Life in the Middle

Life in the Middle

An accordion. That’s what my life feels like right now, with pressure from two sides. I reflected on this in my first “Fine Winer” article, that I’m feeling the “middle” in “middle age.” My wife, Joy, and I are dealing with the growing pains of our young adult kids, and with aging parents.

We worry about our autistic son, who struggles with community college.

We are nervously happy for our daughter, in grad school and making wedding plans.

And we are making arrangements to move my wife’s 95-year-old mother to Texas from Florida. We had found an Assisted Living Facility about five minutes from us – and then she fell and broke her hip. She’ll be in rehab for a couple of months before she will be able to travel.

Sitting now in Starbucks, I sip a Latte thinking about all this.

The challenge for Joy and me is to find time for us.   That means making more dates for lunch, a movie, an opera, a walk in the park.

We’ve also been traveling. I travel half the time for work, and have been bringing Joy on more of those trips—in recent months we’ve been to Santa Fe, Tucson, and Augusta, GA. In Santa Fe, we saw her brother for the first time in several years. In Tucson, we enjoyed quiet walks among the cacti in Saguaro National Park. In Augusta, we attended the military retirement ceremony for Phil, a college classmate of mine (and fellow student of Tim Berry)—his wife was a childhood friend of Joy’s.

The common points in each of these are that we are doing the kinds of things we enjoyed before we had kids. And we’re connecting with people who have been there throughout our lives, family members and the longest lasting friends.
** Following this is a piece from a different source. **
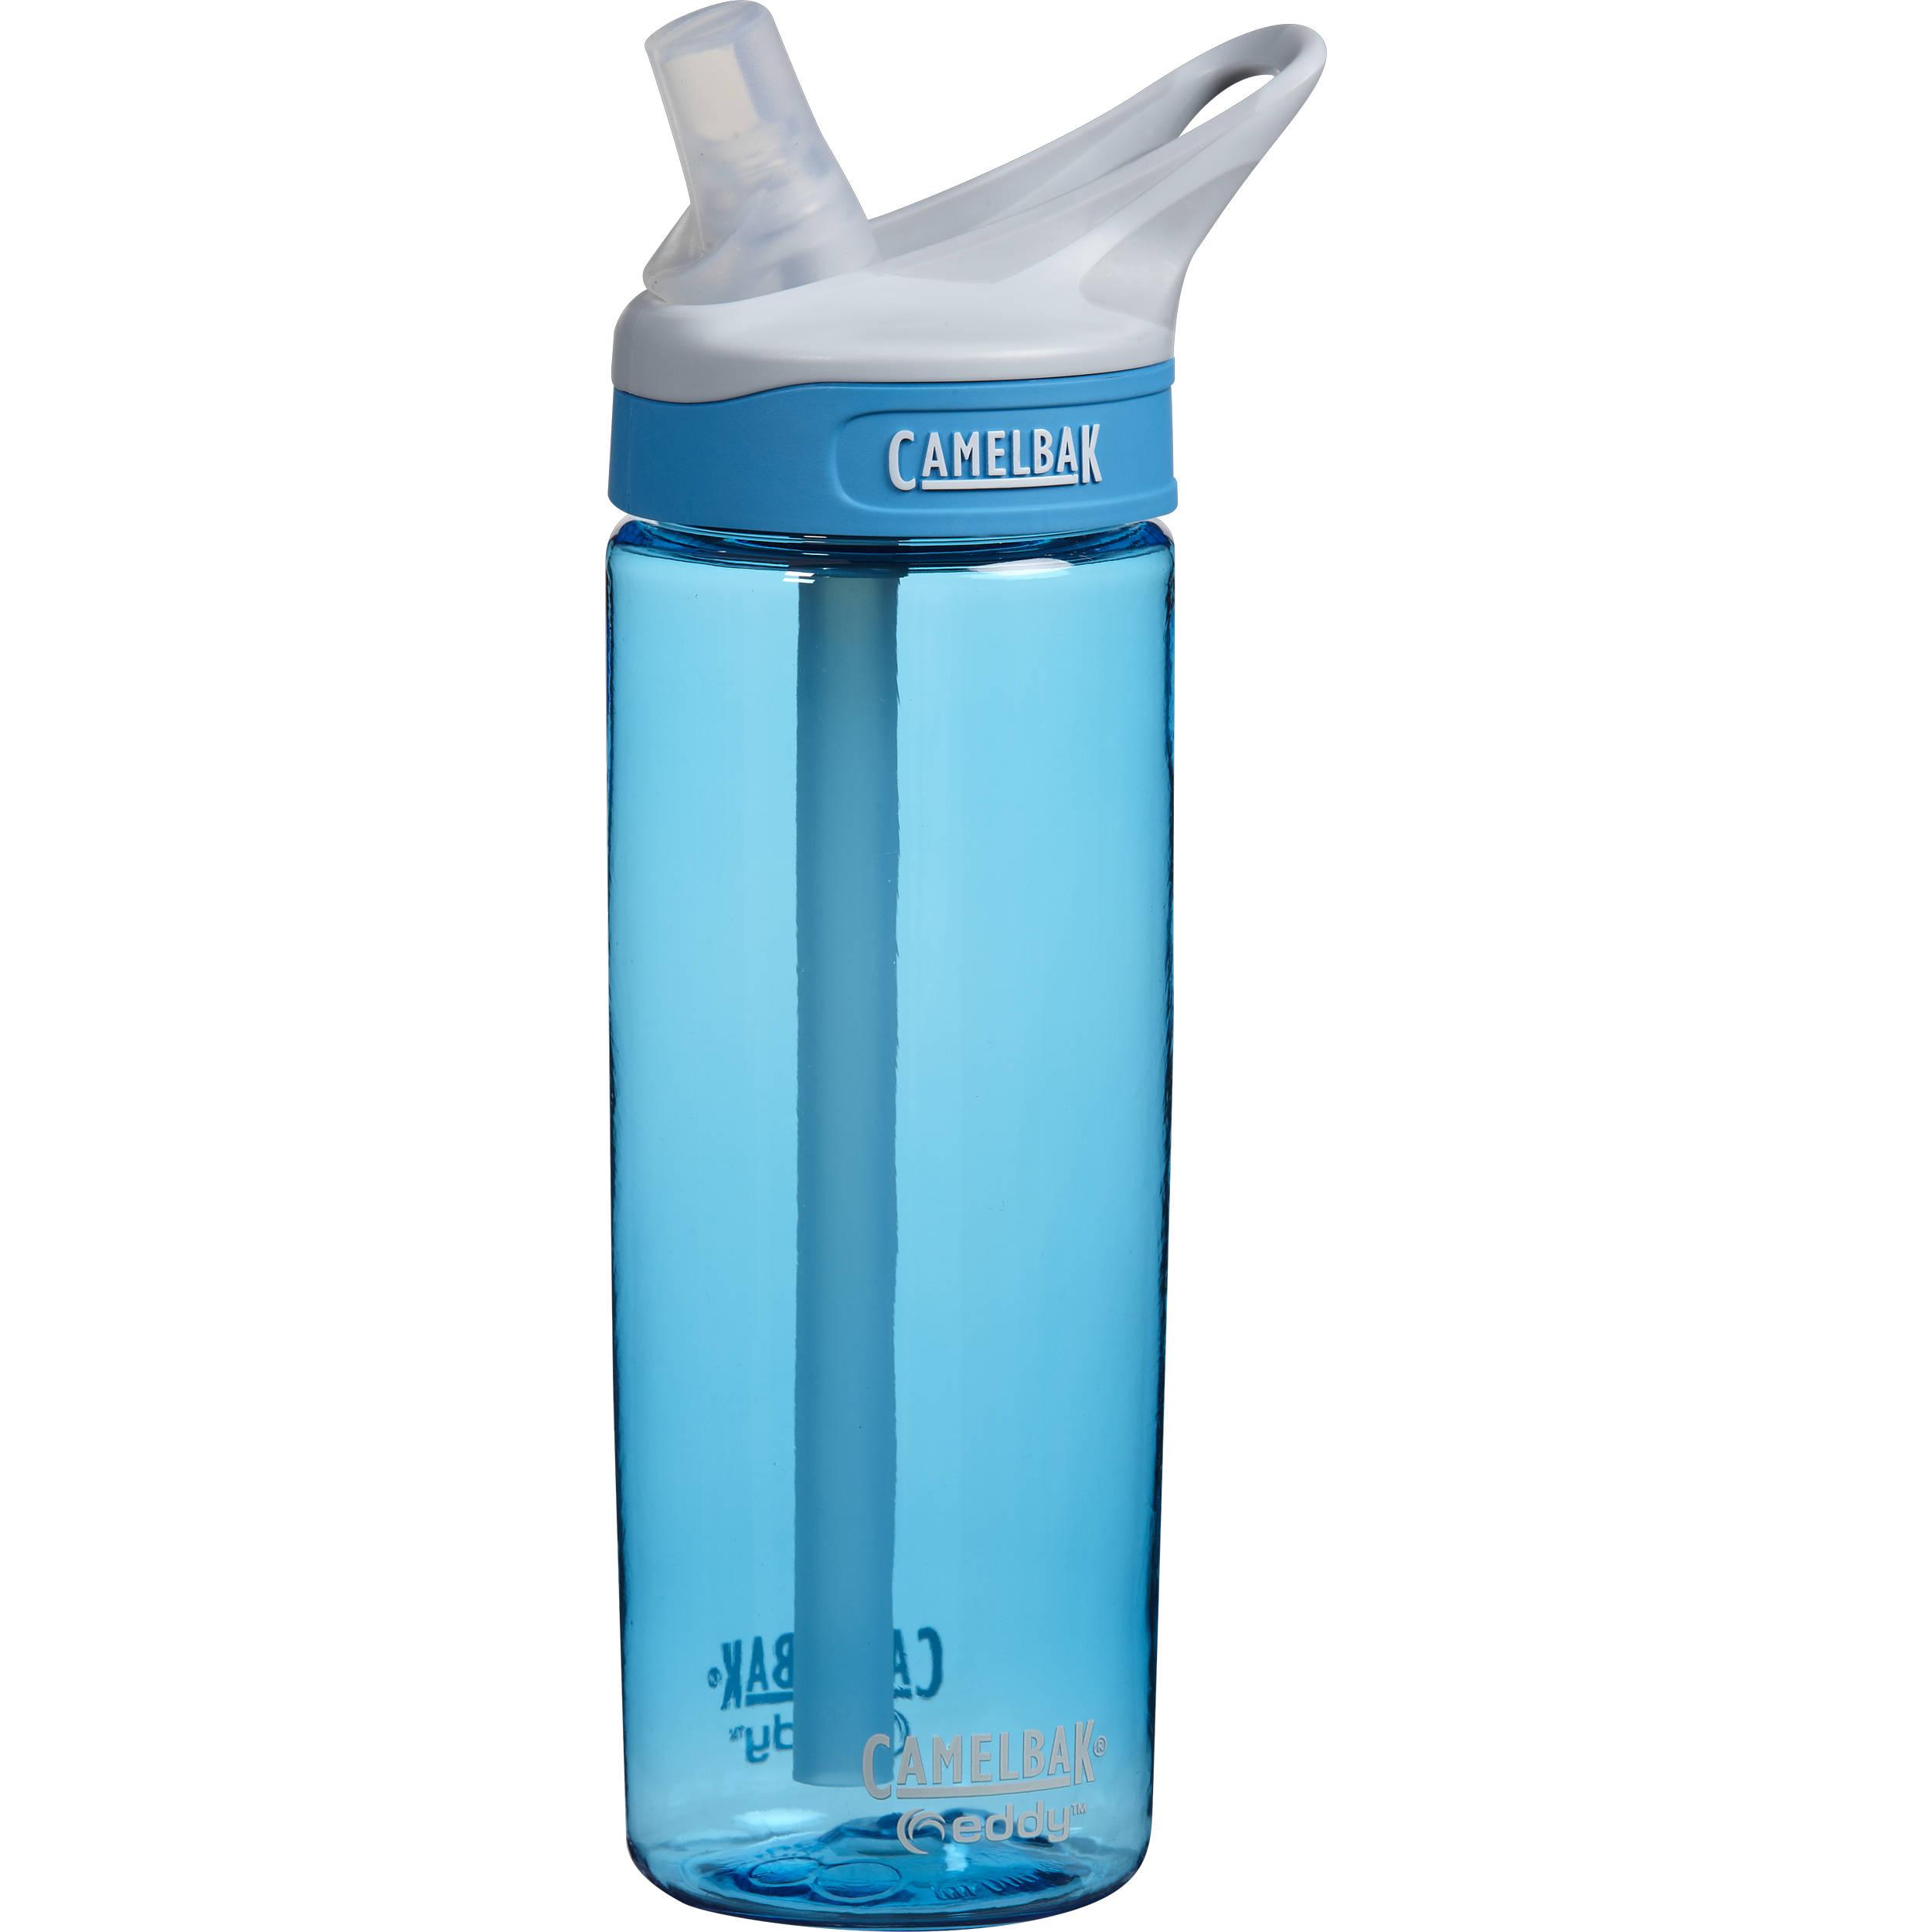 CAMELBAK eddy Water Bottle (20 fl oz, Rain) 53635 B&H Photo

We don’t have the flexibility to be as spontaneous as we were in those early years. We can’t on a moment’s notice take off to the White Mountains for a weekend of hiking, or a drive to Chincoteague to see Pony Penning Day. We have to plan for the trips away. But sometimes when the stress is great, I find myself just grabbing her by the hand and saying, “Let’s go”—to a park, to lunch, to a museum.

You could look at these as escapes. I see them instead as our attempt to reclaim the middle. Carving out space in the present, pushing back at the pressures of the ends, not letting them determine our life. Because it’s only from a place of peace, of wholeness, of strength, that we can show the love and be the support we need to for both our kids and our parents.

Bill Cork


Leave a Reply to Frank Barthell

One Comment
  1. Frank Barthell:

    Nicely written Bill. My wife and I are in just about the same place, down to having an
    adult child on the spectrum. In our case it’s a daughter with an Asperger diagnosis.
    We, like you, don’t have the luxury of picking up at a moments notice, my 91-year old mother-in-law who lives near us in an independent living facility makes this more difficult. I’m coping by listening to a lot of music, getting more exercise, learning to
    appreciate the joys caregiving to a old women who’s given our family so much. And,
    as you suggest, getting out with my wife for dates like we used to do. I’m just now discovering this blog. And will begin to use it as a weekly meditation. Thanks again.